Thirteen sooty dwarves stared at the weird newcomer, with the awe of a witless calf looking at a new gate.
The boy was horrified, but the dwarves were simply worried. The lad, by chance, found their secret lair, the ancient forbidden hall, far and deep in the earth's womb. They were working here furtively, from the dawn of time, perfecting, improving the magical art of forming metal. And they were bound to this place by oat for eternity, never aging, never dying. 
The boy was not allowed to leave.
They taught him some of their craft, keeping the secrets to themselves of course, and the boy steadfastly learned, soaking up everything interesting as a sponge.
One day, home sickness engulfed the laddie. He pleaded the dwarves to let him go home just for a few days, to see his parents once again and let them know, that he is still alive. The dwarves didn't like the idea at all, reciting vague ancient lore and mystical shreds of a long forgotten curse, but couldn't bear the boy's suffering and in the end they let him leave.
The boy was amazed when he finally got to the surface. The glade, the forest and even the small lodge was all gone, instead there stood a large city, with tall buildings which could scratch the clouds.
No one could help him, no one knew his parents names, or his. And then he saw his reflection in a car's window. He immediately understood why he got so tired so quickly and where to look for his parents. A stooping old man looked back at him from the reflection.
At the back of a near cemetery, he found two mossy, weathered headstones, with the names and dates barely visible. He crumbled onto the grave and turned to dust, leaving only his enchanted knife behind, which still held some dwarven magic within.

The knife is 27.5 cm/ 10.8 inch long. The blade is 14 cm/ 5.5 inch long, 4.6 cm/ 1.8 inch wide and 4.5 mm / 0.18 inch thick at its base. Forged of L6, 5160 and 1.2516 with a hundred of layers.
The handle is constructed of iron and beech wood.
Its sheath is made of thick cowhide.


Hope you like it


----------



## Chef Doom (Nov 15, 2018)

Pictures don't show up. All of that reading for nothing.


----------



## hellize (Nov 15, 2018)

Chef Doom said:


> Pictures don't show up. All of that reading for nothing.


It seems ok to me...hmm..


----------



## hellize (Nov 15, 2018)

Chef Doom said:


> Pictures don't show up. All of that reading for nothing.

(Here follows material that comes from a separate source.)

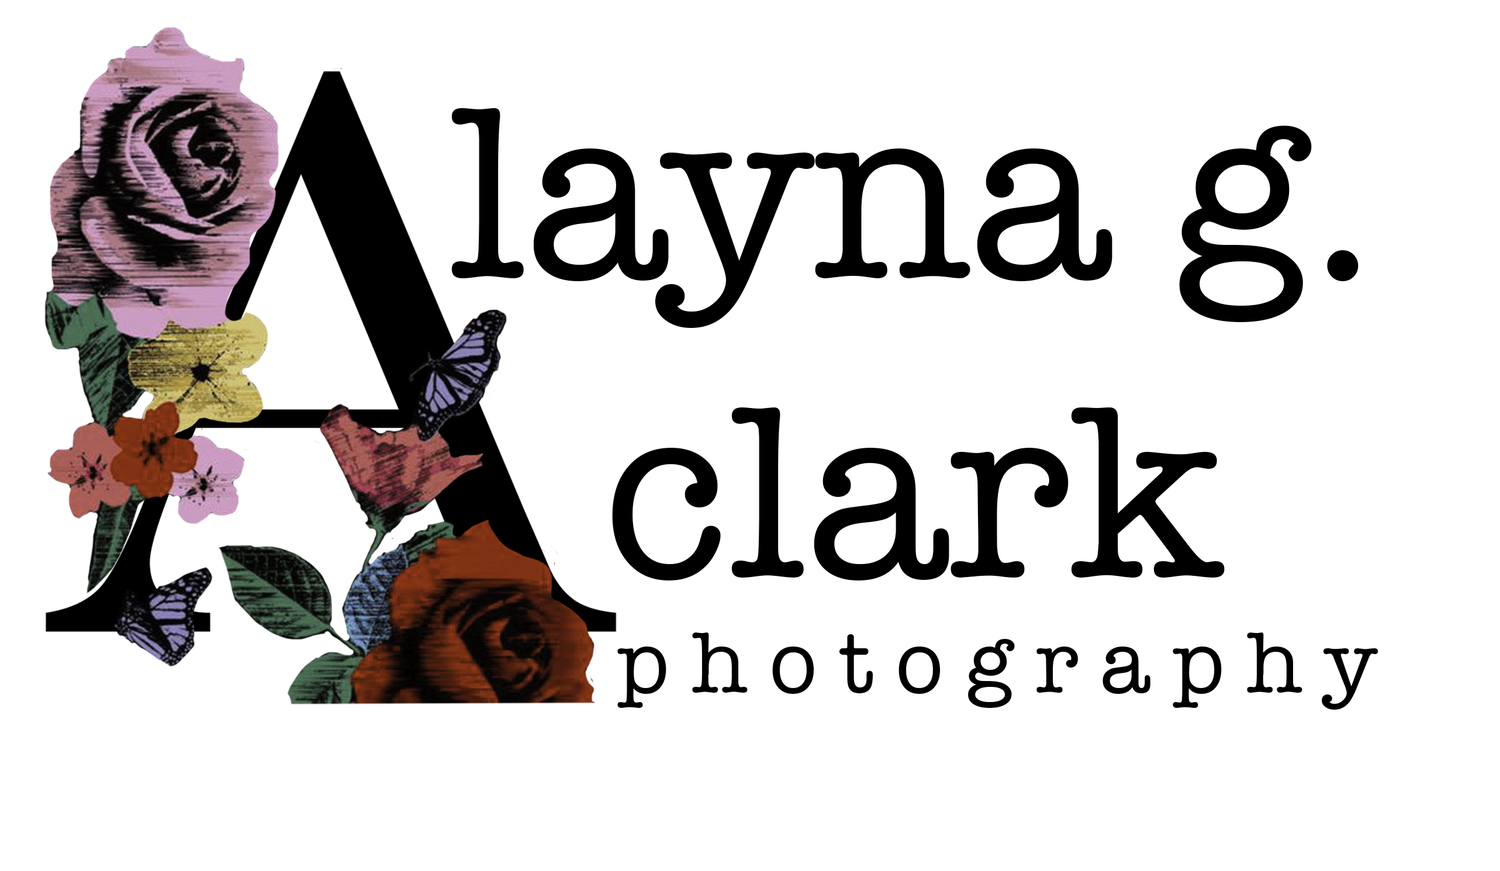 Alayna G. Clark Photography 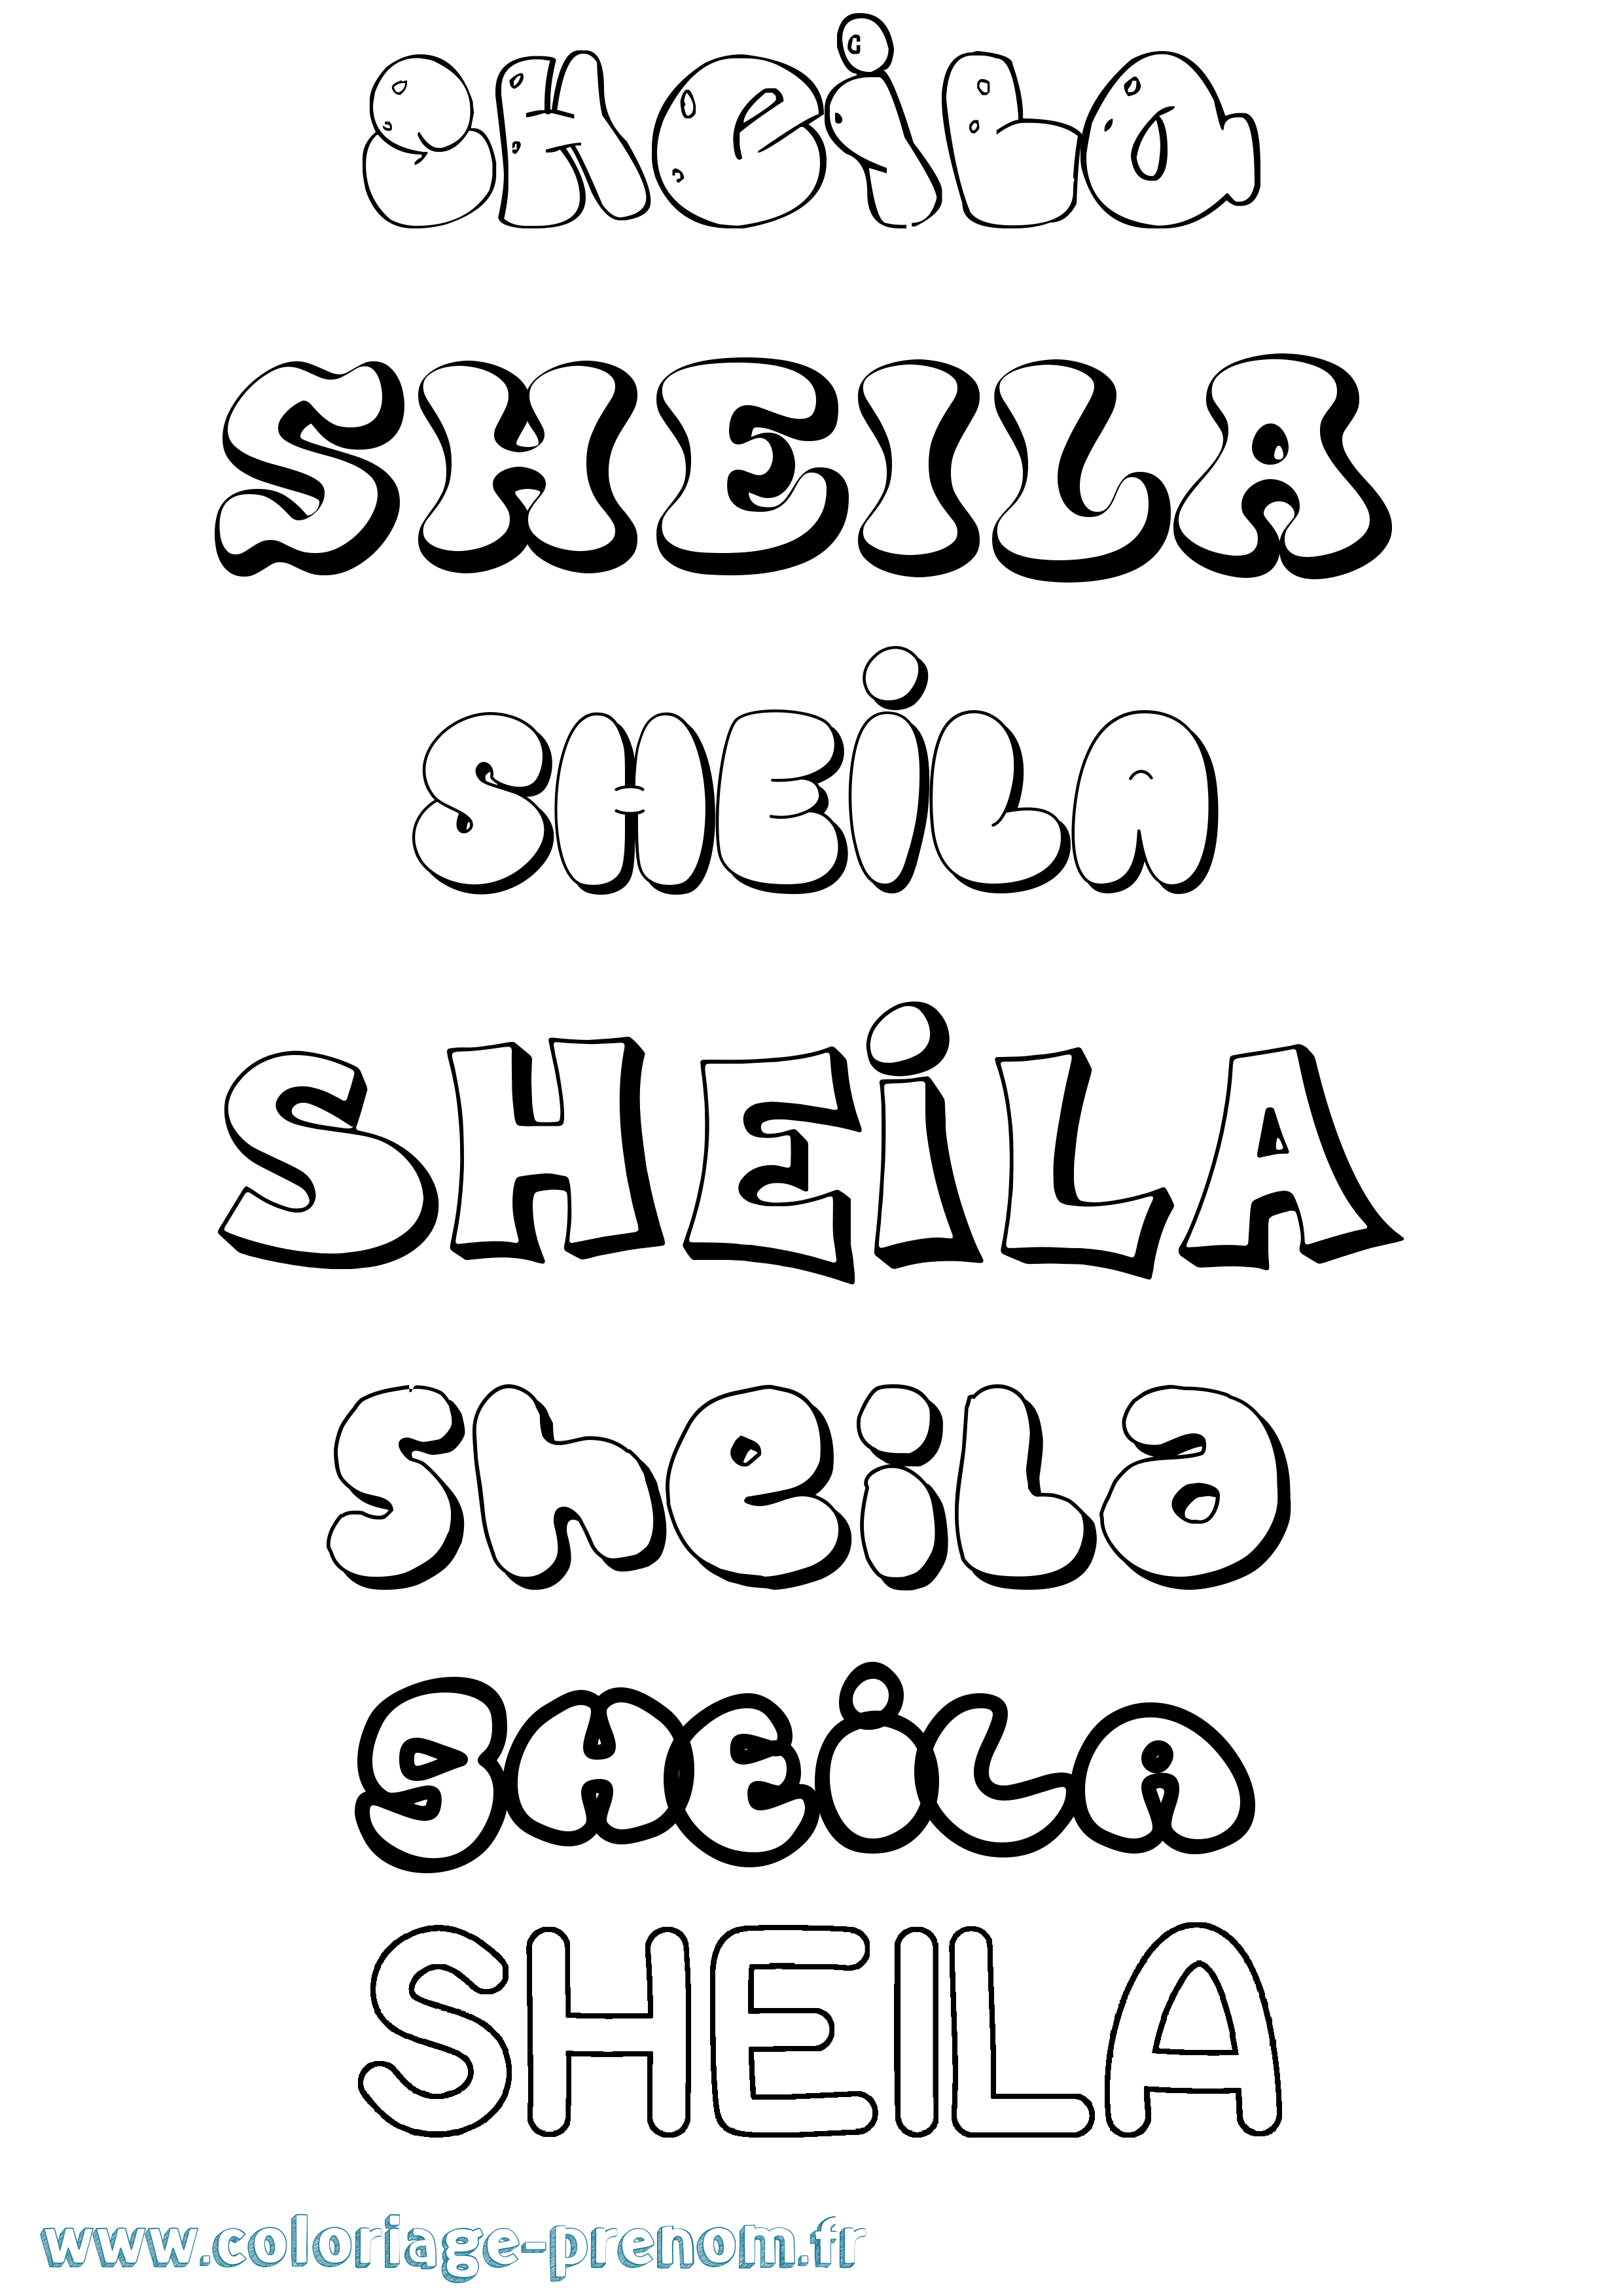 Coloriage prénom Sheila Bubble

You can check it out here too : https://www.deviantart.com/hellize/art/dwarven-damascus-knife-772694279


----------



## Chef Doom (Nov 15, 2018)

I see I see. So how is the damascus performed? Is it like the story with layers of different steel?


----------



## Chef Doom (Nov 15, 2018)

Also, is the damascus acid etched?


----------



## hellize (Nov 15, 2018)

Chef Doom said:


> I see I see. So how is the damascus performed? Is it like the story with layers of different steel?



It performs just as a 5160 blade would do, that is one of its parent steels


----------



## hellize (Nov 15, 2018)

Chef Doom said:


> Also, is the damascus acid etched?


Yes, that is how the pattern gets visible. I use sulfuric acid, watered up a bit of course


----------